Looks like a burnt-iron cookie!









Another thing that I've been wondering about…...water quenching the bloom. In the handful of resources devoted to small scale iron smelting, YouTube, etc, when the raw bloom gets pulled from the furnace, the consolidation work begins immediately. The yellow-hot blob of steel is thrown onto a log or anvil, then gets gently pummeled by guys swinging sledgehammers. This squishes the odd protruding edges of the bloom into the concentrated center, consolidating the mass. The goal is to get the slag and other impurities out of the way as quickly as possible, resulting in a tight block of bloom iron or hearth steel.

In contrast to this, pretty much all of the Japanese resources on tatara ( the traditional large scale way to make steel) and Oroshigane show the hot bloom pulled from the fire and then immediately quenched into water. The bloom gets cleaned up, then returned to the forge for shaping and consolidation. Why would you not start working the bloom right away while it's still good and hot? Does the force of the water quenching blast off the slag and bits of charcoal stuck to the bloom?

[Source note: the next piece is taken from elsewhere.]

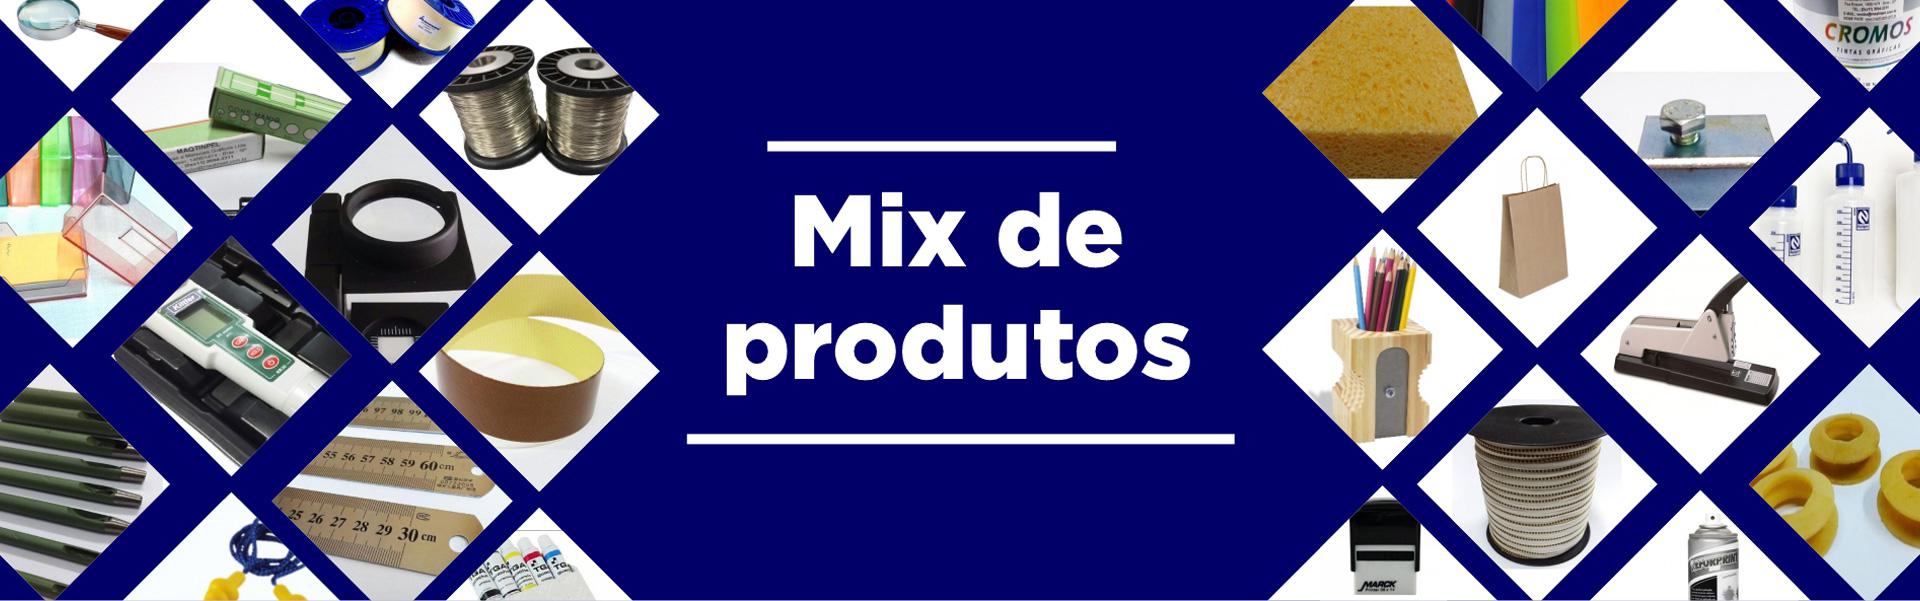 Mix de Produtos

Here's my chance to find out.




Fun, lots of boiling water and funny noises are produced, but as far as the resulting bloom is concerned, I'm not sure that the quenching does anything to tidy up the mass.

Rather ugly, this one.





I've seen lots of pictures of bloom steel and while this wouldn't be the ideally shaped result, it does display a commonly seen dished profile.



In this picture, the air blast would've been coming from the left. Please excuse the green strings of algae growing in my quench water, haha.



This entire process, from preheating the furnace to pulling the bloom from the fire used less than half of a 5 gallon bucket of hardwood charcoal, not a bad way to spend an afternoon. Even if you buy your charcoal in the store, that's still only a few bucks cost, a good deal even for a tightwad like myself.








The nice thing about performing an immediate water quench is that it makes the bloom available for spark testing right away. I sparked this little 1 lb. bloom but, try though I might, I couldn't get any decent pics as the sun was just too bright. Ahh…. the trials of living out in the open, haha. I'm grossly out of practice at interpreting carbon values by spark, but it looked to be a gradient of med/high carbon ( shortish yellow spark with strong bursts) ranging up to cast iron (very short red spark, sparse). A few bits tested low carbon, but the highest proportion looked to be cast iron.

This bloom would most likely be forgeable, given a high enough heat and a bit of patience. Fold and weld, fold and weld, and soon you would get a more homogeneous steel…….and I didn't do that. The melting of iron was so much fun that I immediately started in on a second melt, just to see if I could create a bloom with a more solid core. And larger, in anticipation of losing much of the total during the welding and blending phase.

One thing is certain though…..I need to be keeping better notes. Small changes in procedure seem to have large ramifications on the resulting steel. Go figure.